Это сказала самая матерая и запудренная из всех, самая-рассамая, та самая, что уже до скончанья дней была со всем светом на «ты», поторапливала извозчика такими жалобами на свою знобкость, которых нельзя привесть, и всеми выпадами своей хриплой красоты уравнивала все, до чего ни касалась. Ее комнатка во втором этаже пятиоконного домика, кривого и вонючего, ничем с виду не отличалась от любого мещанского жилья из беднейших. По стене ниспадали дешевые ширинки, утыканные фотографиями и бумажными цветами. У простенка, крыльями захватывая оба подоконника, горбился раскладной стол. А напротив, у не доходившей до верху перегородки, стояла железная кровать. И, однако, при всем сходстве с человеческим жилищем это место было полной его противоположностью.
Половики подстилались под ноги гостя с редким холуйством и, приглашая не церемониться с квартиранткой, сами, казалось, готовы были подать пример, как ею помыкать. Чужой толк был их единственным хозяином. Все существовало настежь, проточным порядком, как в потоп. Казалось, даже и окна обращены тут не изнутри наружу, а снаружи вовнутрь. Подмытые уличной славой, как в наводненье, домашние вещи не чинясь и как попадется плавали по широкому званью Сашки.
Зато и она в долгу перед ними не оставалась. Все, за что она ни бралась, она делала на ходу, крупным валом и по-одинаковому, без спадов и нарастаний. Приблизительно так же, как, все время что-то говоря, выбрасывала она упругие руки, раздеваясь, она потом, на рассвете, за разговором, упираясь животом в столовое крыло и валя пустые бутылки, додувала свои и Сережины подонки. И приблизительно по-такому же, в той же степени, стоя в длинной рубахе спиной к Сереже и отвечая через плечо, без стыда и бесстыдства прудила в жестяной таз, внесенный в комнату тою старухою, что их впускала. Ни одного из ее движений нельзя было предугадать, и ее надтреснутую речь подымал и опускал тот же жаркий бросовой нахрап, что сбивал набок ее пряди и горел в ее расторопных руках. В ровности этого проворства и заключался ее ответ судьбе. Вся человеческая естественность, ревущая и срамословящая, была тут, как на дыбу, поднята на высоту бедствия, видного отовсюду. Окружностям, открывавшимся с этого уровня, вменялось в долг тут же, на месте, одухотвориться, и по шуму собственного волнения можно было расслышать, как дружно, во всей спешности обстраиваются мировые пустоты спасательными станциями. Острее всех острот здесь пахло сигнальной остротой христианства.
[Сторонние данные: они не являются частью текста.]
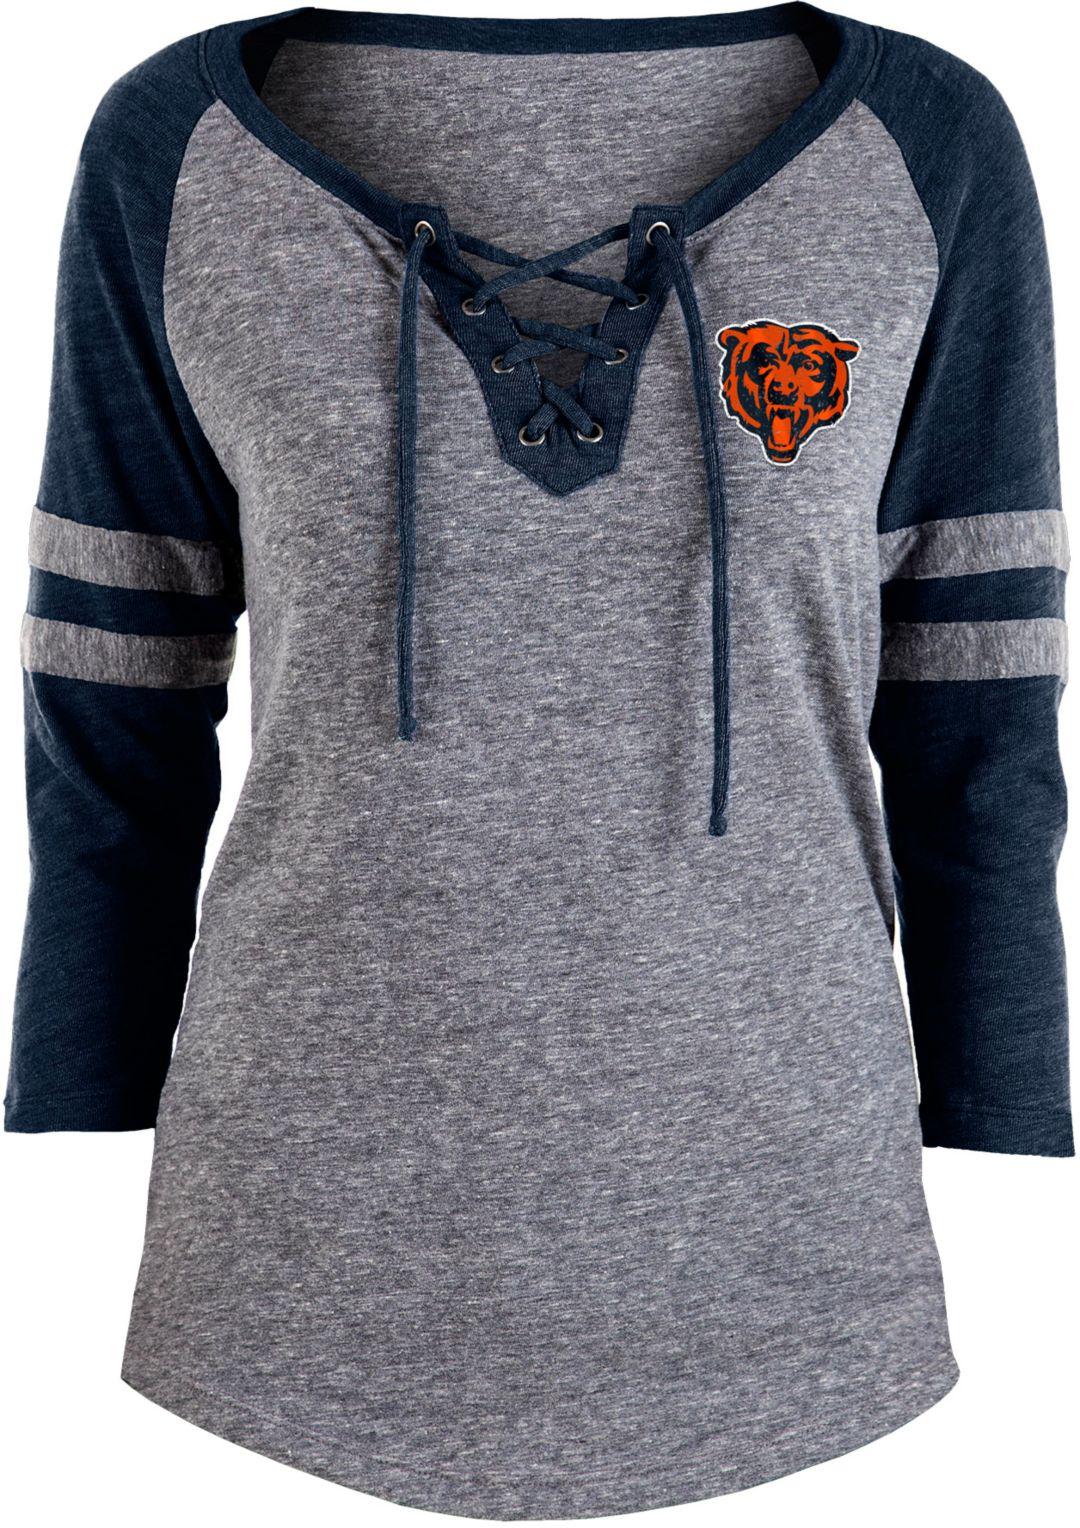 NFL Team Apparel Women's Chicago Bears Trilace Grey Raglan Shirt

В исходе ночи переборку колыхнуло незримым мановеньем двора. Это ввалился в сени ее покровитель. Нюх на чужое присутствие, самый верный из его доходов, не оставлял его и в чернейшем хмелю. Тихонько переступая в тяжелых сапогах, он как вошел, тотчас же тихо рухнул где-то рядом за переборкой и, ничем не сказавшись, вскоре перестал существовать. Его тихое ложе стояло, вероятно, доска об доску с промысловой кроватью. Вероятно, это был ларь. Едва он захрапел, как в него снизу живым и жадным долотом ударила крыса. Но опять наплыла тишина. Храпа вдруг не стало, крыса притаилась, и по комнате пробежал знакомый ветерок. Существа на гвоздях и клею признали хозяина. Все, чего не смели тут, смел вор за стеной. Сережа спрыгнул на пол.
– Куда ты? Убьет! – всем нутром прохрипела Сашка и, протащившись по постели, повисла на его рукаве. – Сердце сорвать не штука, а уйдешь – спину мне подставлять?
Но Сережа и сам не знал, куда рвался. Во всяком случае, это была не та ревность, которая померещилась Сашке, хотя она и не меньшей страстью подплывала к сердцу. И если что когда, подобно упряжной приманке, было выкинуто наперевес человеку, в залог его вечного хода, то именно этот инстинкт. Это была ревность, которою мы иногда ревнуем женщину и жизнь к смерти, как к неизвестному сопернику, и рвемся на волю за волею для вызволенья той, кого ревнуем. И, конечно, тут пахло все тою же остротой.
Было еще очень рано. По ту сторону мостовой в широких дверях лабазов уже угадывались раскидные листы тройных железных створ. Пыльные окна серели, до четверти налитые круглым булыжником. На Тверских-Ямских, как на весах, лежал рассвет, и воздух казался мелкой сенной трухою, беспрестанно им отделяемой. У стола сидела Сашка. Блаженная сонливость кружила и несла ее, как вода. Она болтала без умолку, и ее говор походил на здоровое дремлющее животное.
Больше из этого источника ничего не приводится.